- GIVEN INFORMATION -
================

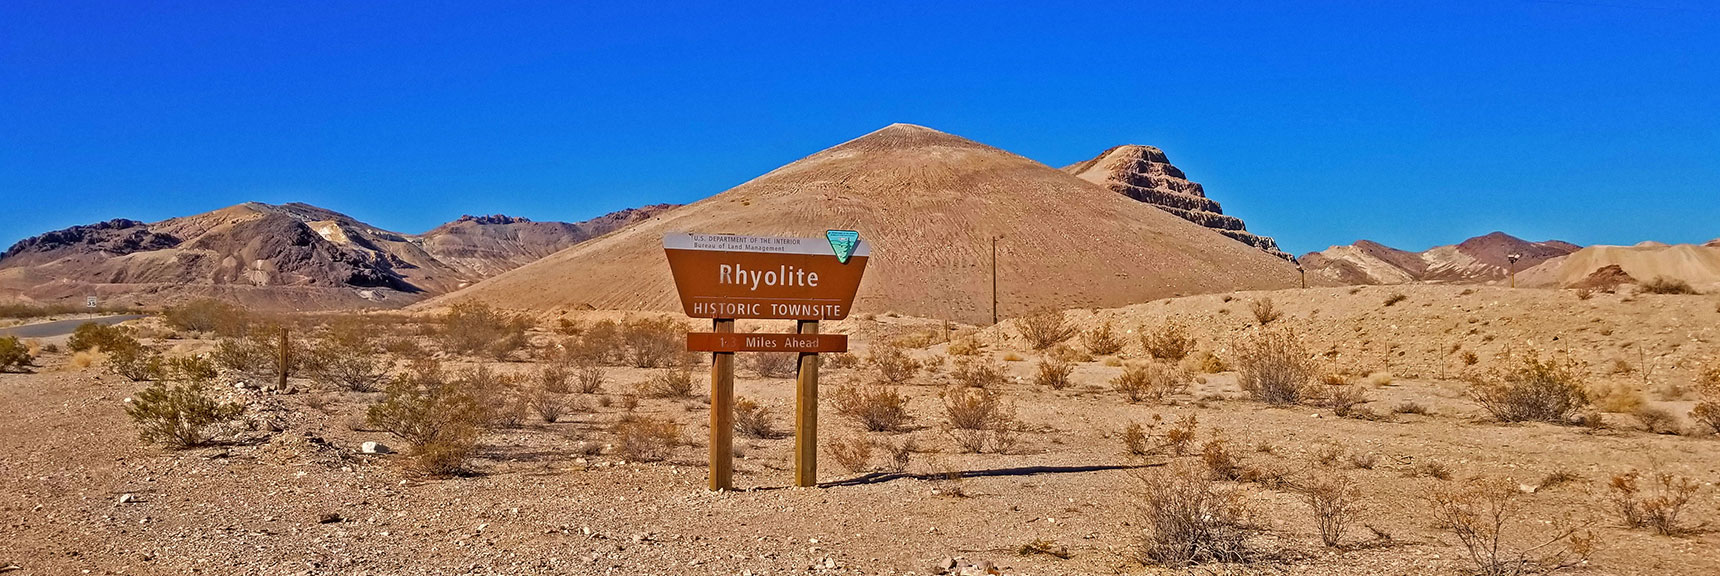 Rhyolite Entrance Sign Off Hwy 394 - Short Paved Road to Rhyolite | Rhyolite Ghost Town | Death Valley Area, Nevada
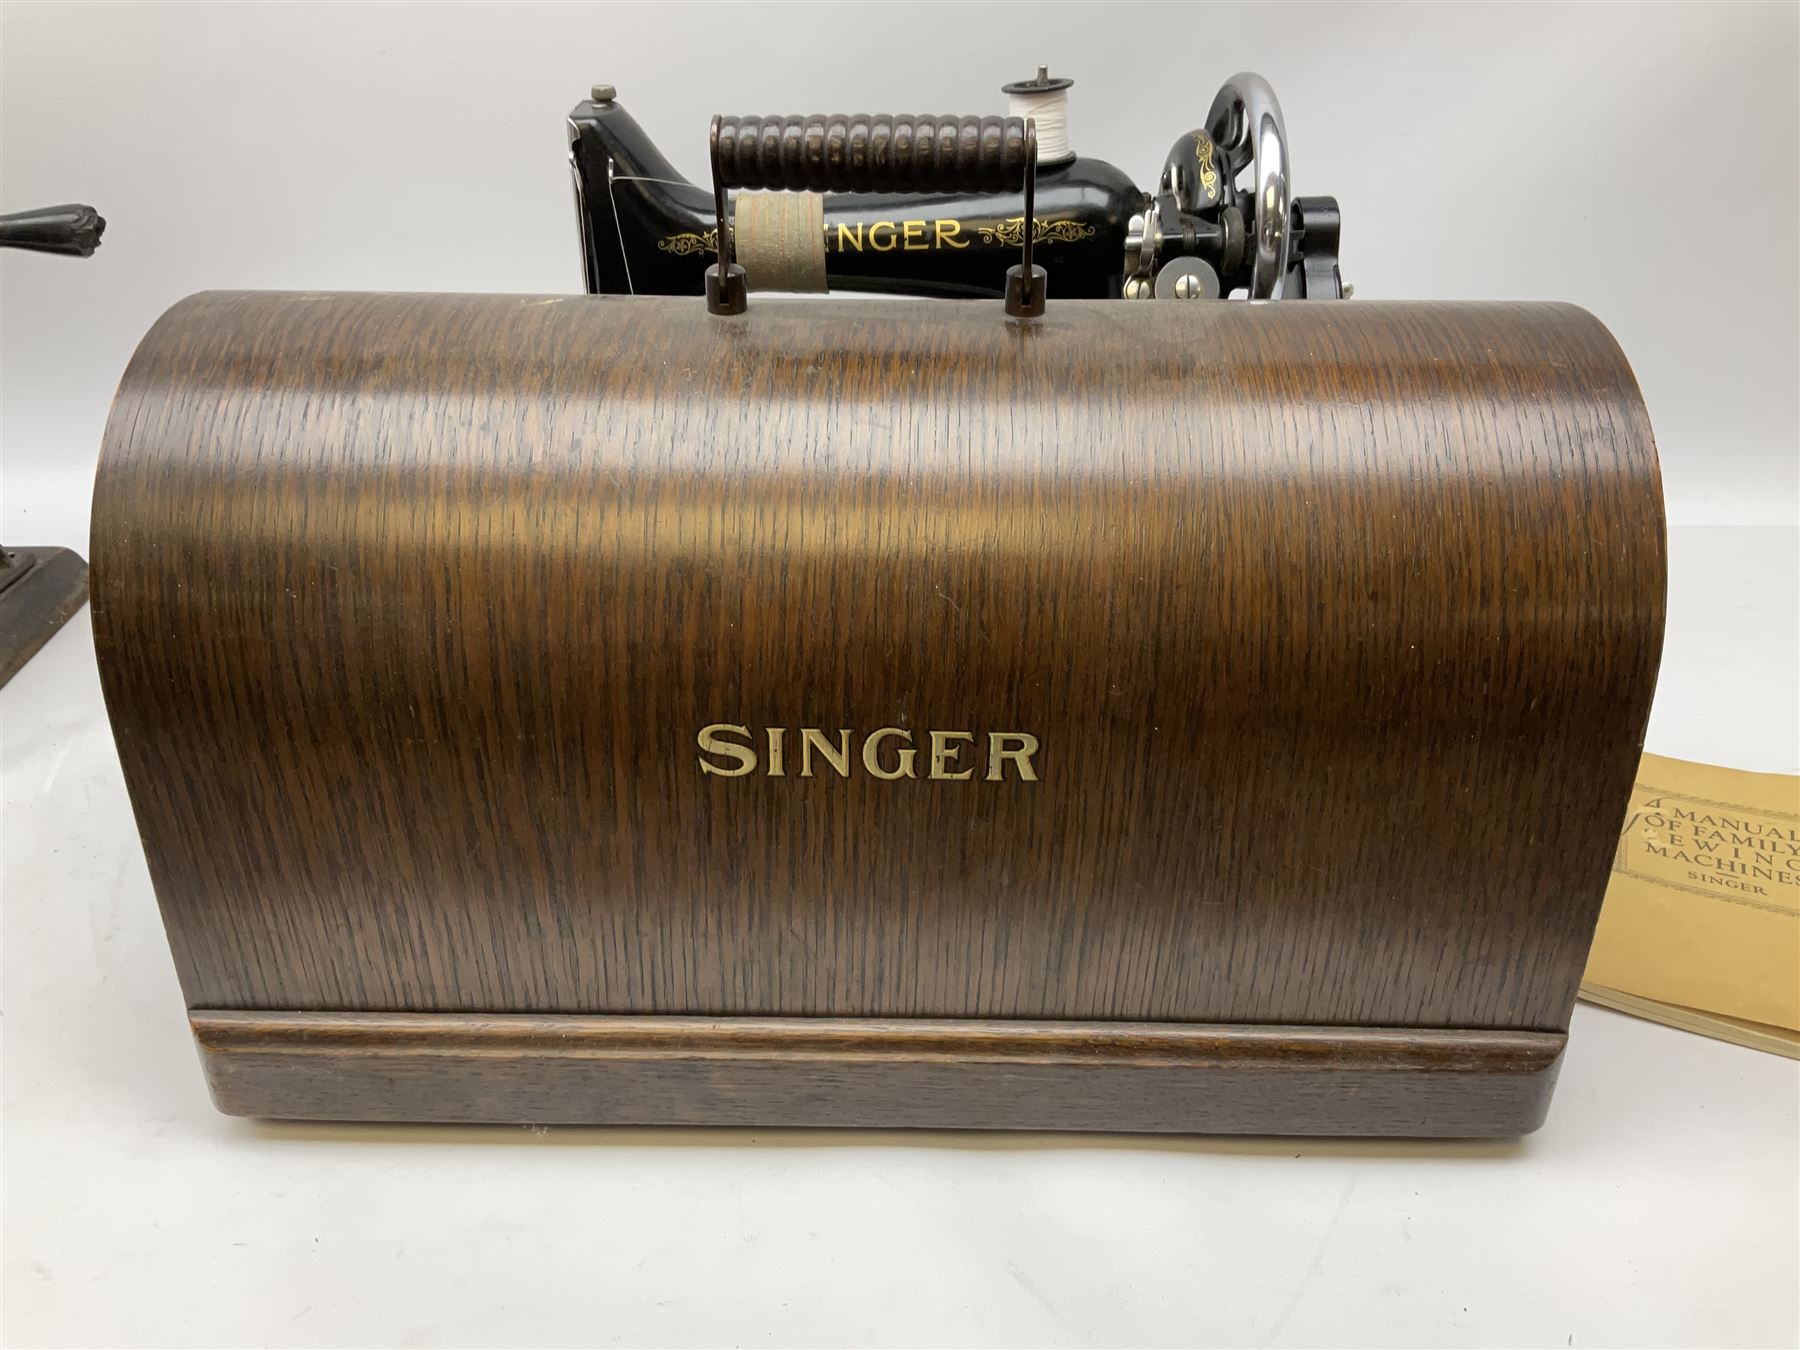 Singer sewing machine no. EA584046 in case (missing key) and Singer Manual of Family Sewing Machines - Image 9 of 10
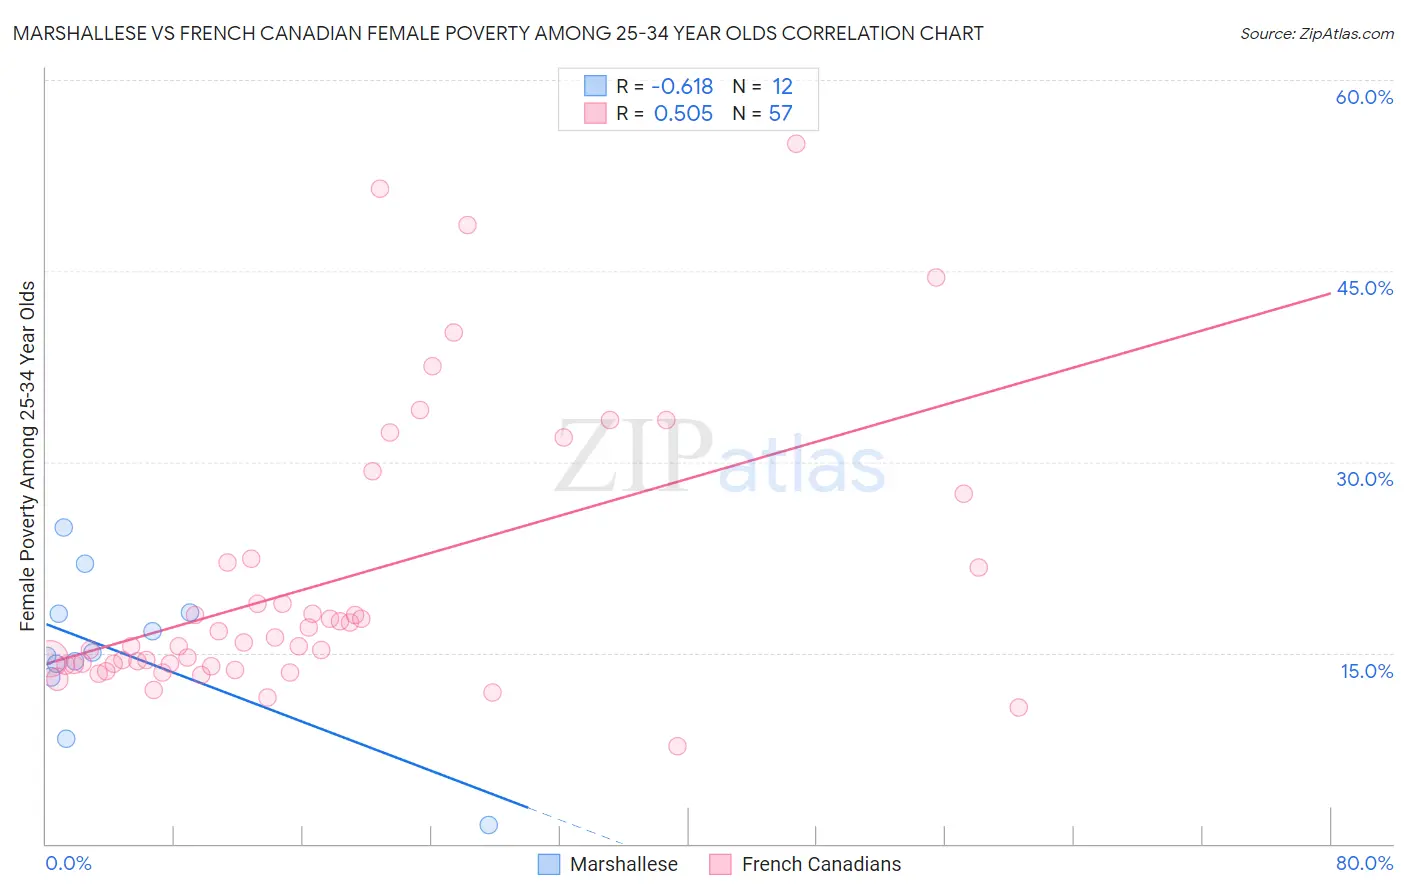 Marshallese vs French Canadian Female Poverty Among 25-34 Year Olds

================

Without copying any picture, write out all of the material exactly as it reads.

- RESULT OF THIS TASK -
 Rhyolite Entrance Sign Off Hwy 394 - Short Paved Road to Rhyolite | Rhyolite Ghost Town | Death Valley Area, Nevada
 Singer sewing machine no. EA584046 in case (missing key) and Singer Manual of Family Sewing Machines - Image 9 of 10
 Marshallese vs French Canadian Female Poverty Among 25-34 Year Olds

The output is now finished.